Re: Apache/1.3.26 (Unix) mod_perl/1.27 seg faults

Posted by Stas Bekman <st...@stason.org>.

Jim Brandt wrote:
> I did some additional testing on Mac OS X with Perl 5.8. I didn't see 
> the Seg faults, but I did notice something that was the same as on Solaris.
> 
> When running under Apache::PerlRun (these problems are all under 
> Apache::PerlRun) on both systems, I also get "subroutine xxx redefined" 
> warnings in the error log for scripts with even the simplest 
> subroutines. These seem to appear as each child servers its second 
> request. This happens when the sub in in the bottom of the main program 
> or require'd from a separate file.
> 
> I added:
> 
>  PerlSetVar PerlRunOnce On
> 
> and the "subroutine redefined" messages went away, but with a massive 
> performance hit.
> 
> Is it possible that I set up two faulty mod_perl configurations such 
> that PerlRun isn't flushing the namespaces properly? If this is the 
> case, could it be that the memory errors are a side effect of this?

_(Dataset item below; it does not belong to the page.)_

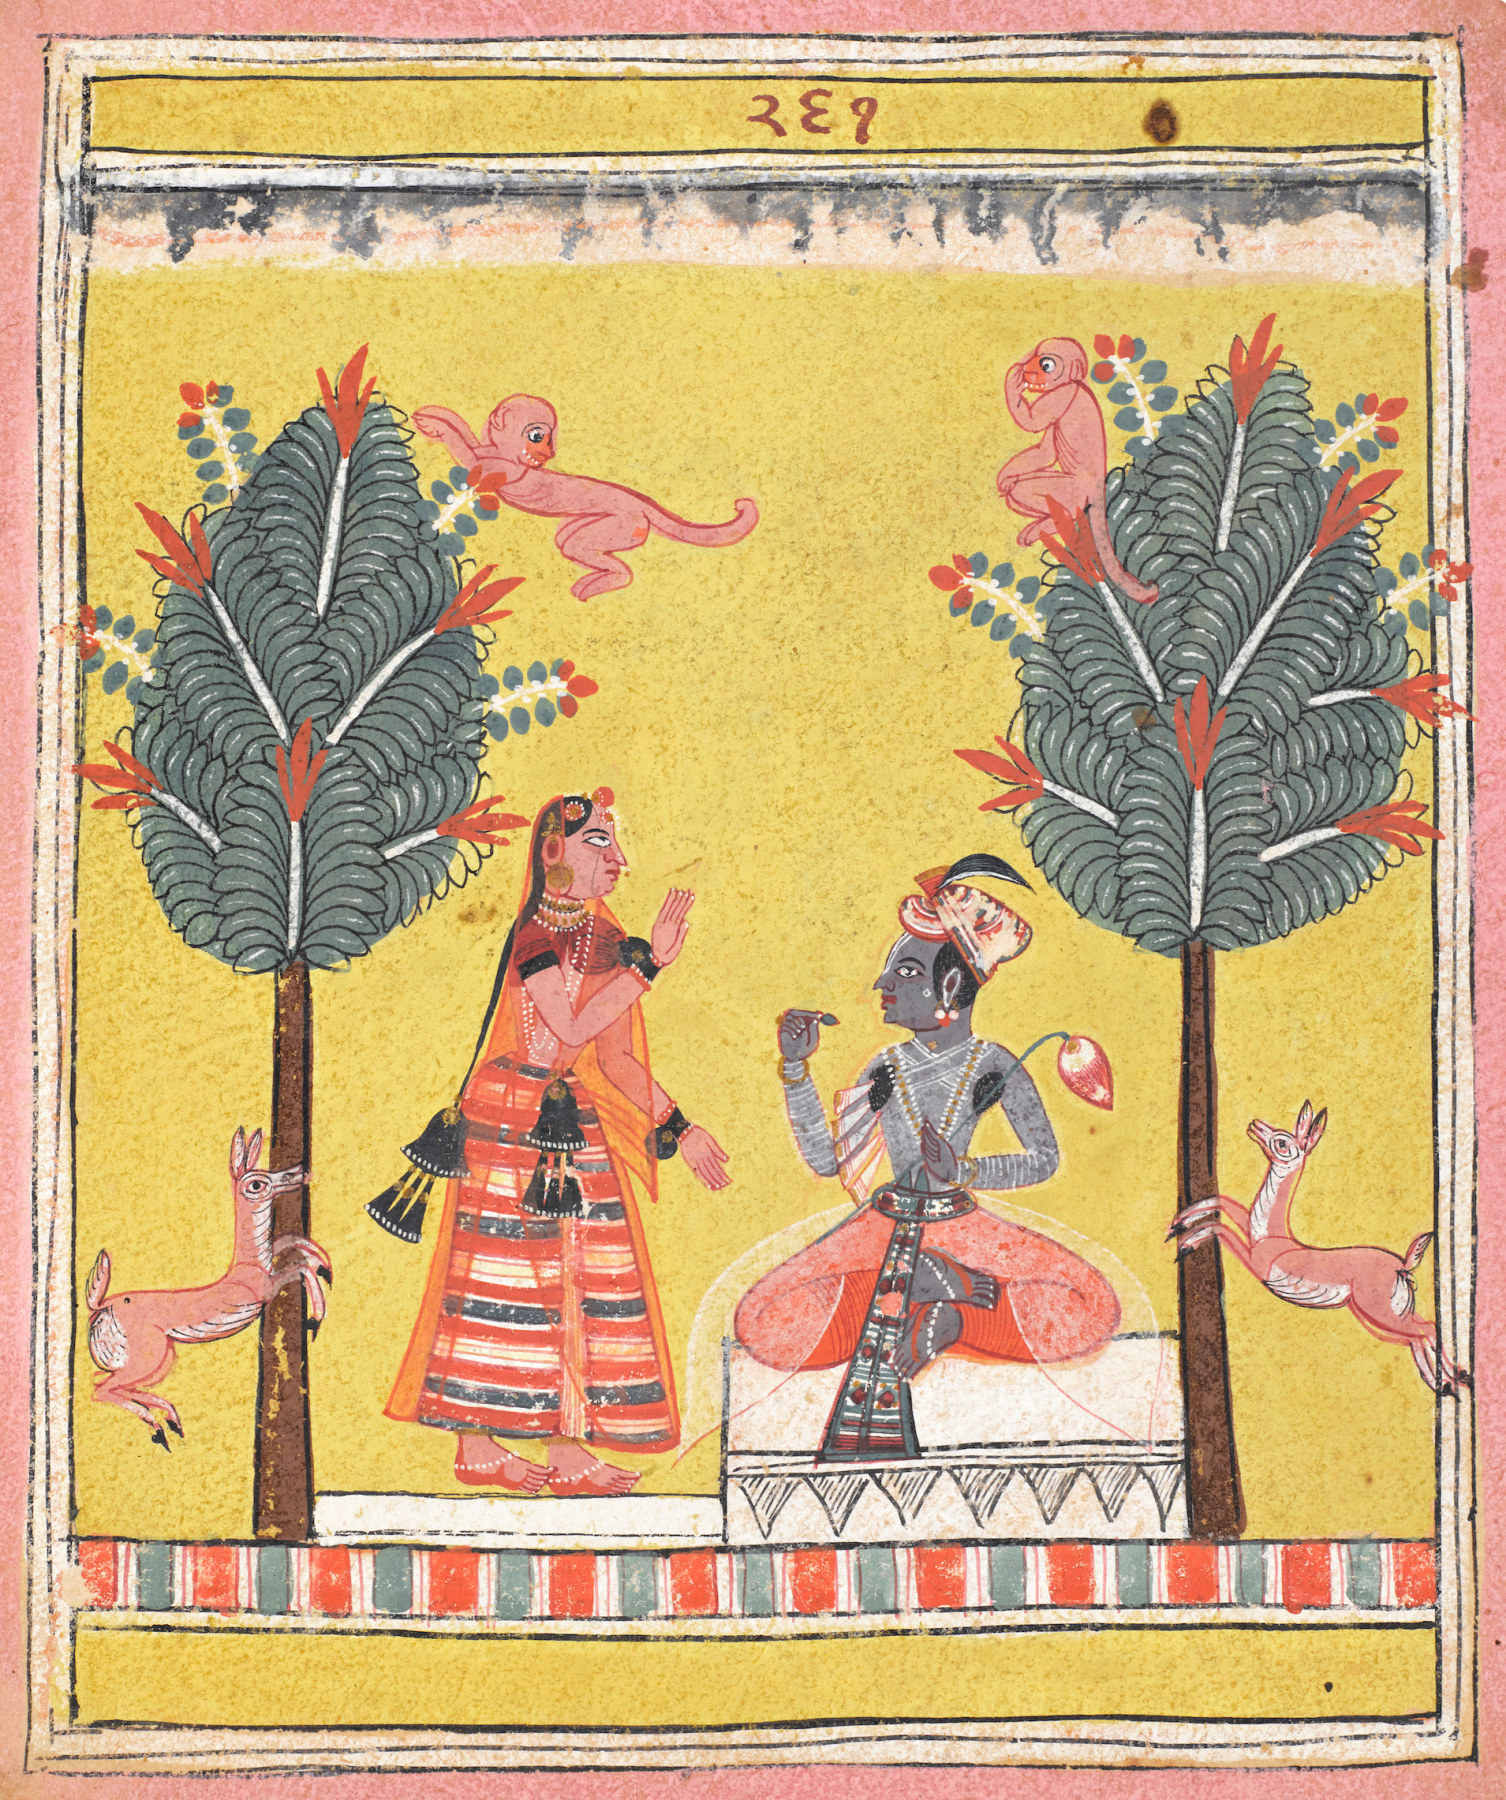 the sakhi is addressing Krishna, who is seated chewing pan in the woods between trees in which monkeys are gamboling and deer frolic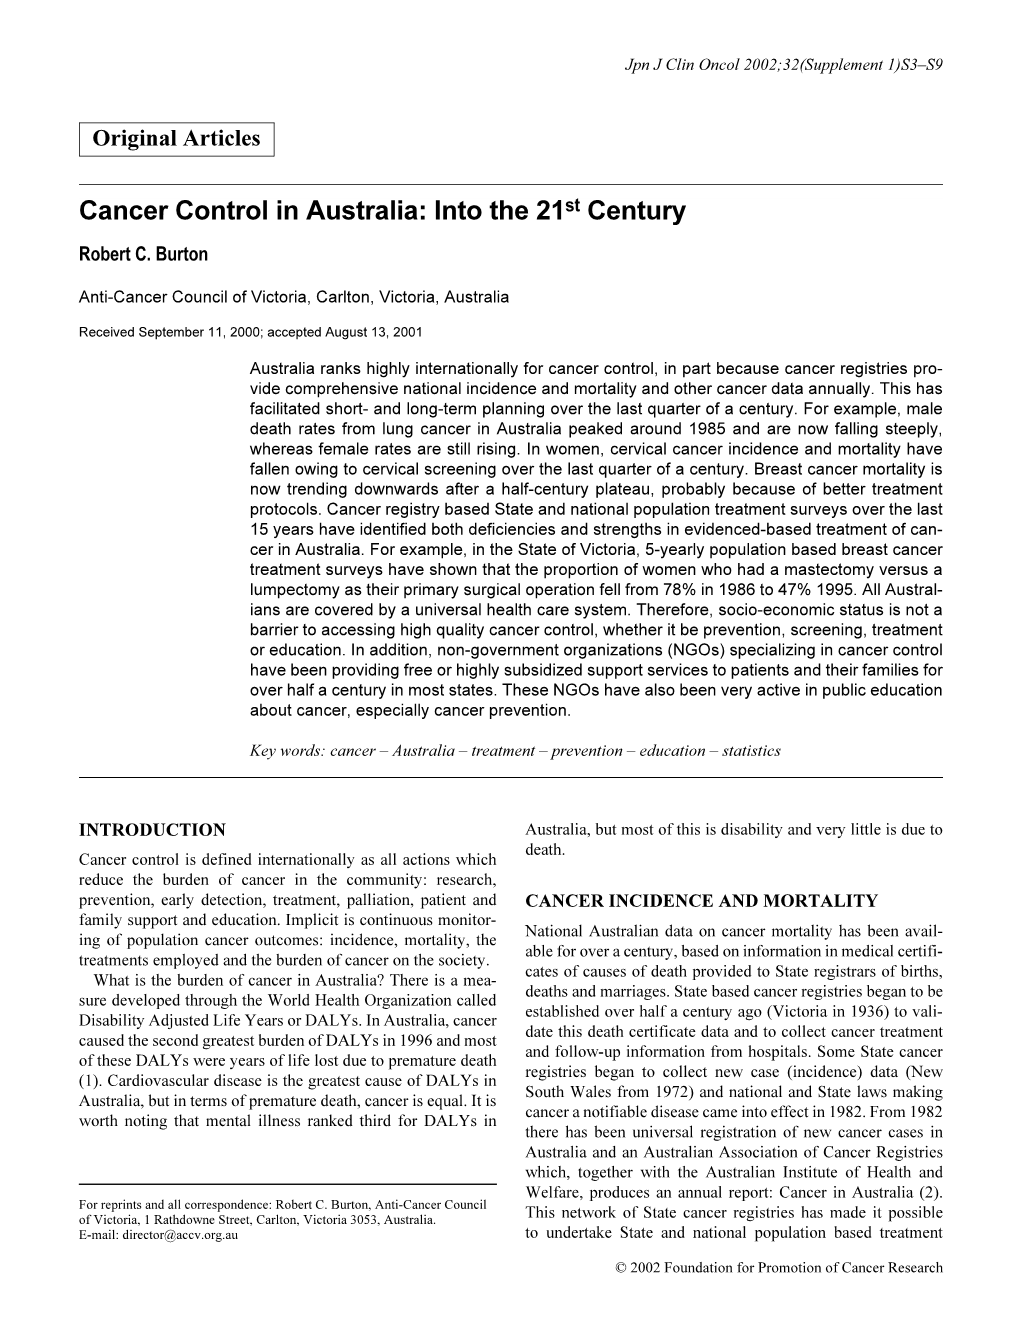 Cancer Control in Australia: Into the 21St Century

Rather than guessing what could be the problem, why not get a core file and 
look at its trace?

> On Friday, April 11, 2003, at 01:25  PM, Jim Brandt wrote:
> 
>> We're running mod_perl with apache on Solaris 8 with Perl 5.6.1. While 
>> doing some load tests on a script, we've seen intermittent seg faults 
>> and bus errors. These only appear under load:
>>
>> [Thu Apr 10 15:09:06 2003] [notice] child pid 11276 exit signal 
>> Segmentation Fault (11)
>> [Thu Apr 10 15:09:49 2003] [notice] child pid 11265 exit signal Bus 
>> Error (10)
> 
> 
> 
> ==========================================
> Jim Brandt
> Administrative Computing Services
> University at Buffalo


-- 


__________________________________________________________________
Stas Bekman            JAm_pH ------> Just Another mod_perl Hacker
http://stason.org/     mod_perl Guide ---> http://perl.apache.org
mailto:stas@stason.org http://use.perl.org http://apacheweek.com
http://modperlbook.org http://apache.org   http://ticketmaster.com

Re: Apache/1.3.26 (Unix) mod_perl/1.27 seg faults

Posted by Jim Brandt <cb...@buffalo.edu>.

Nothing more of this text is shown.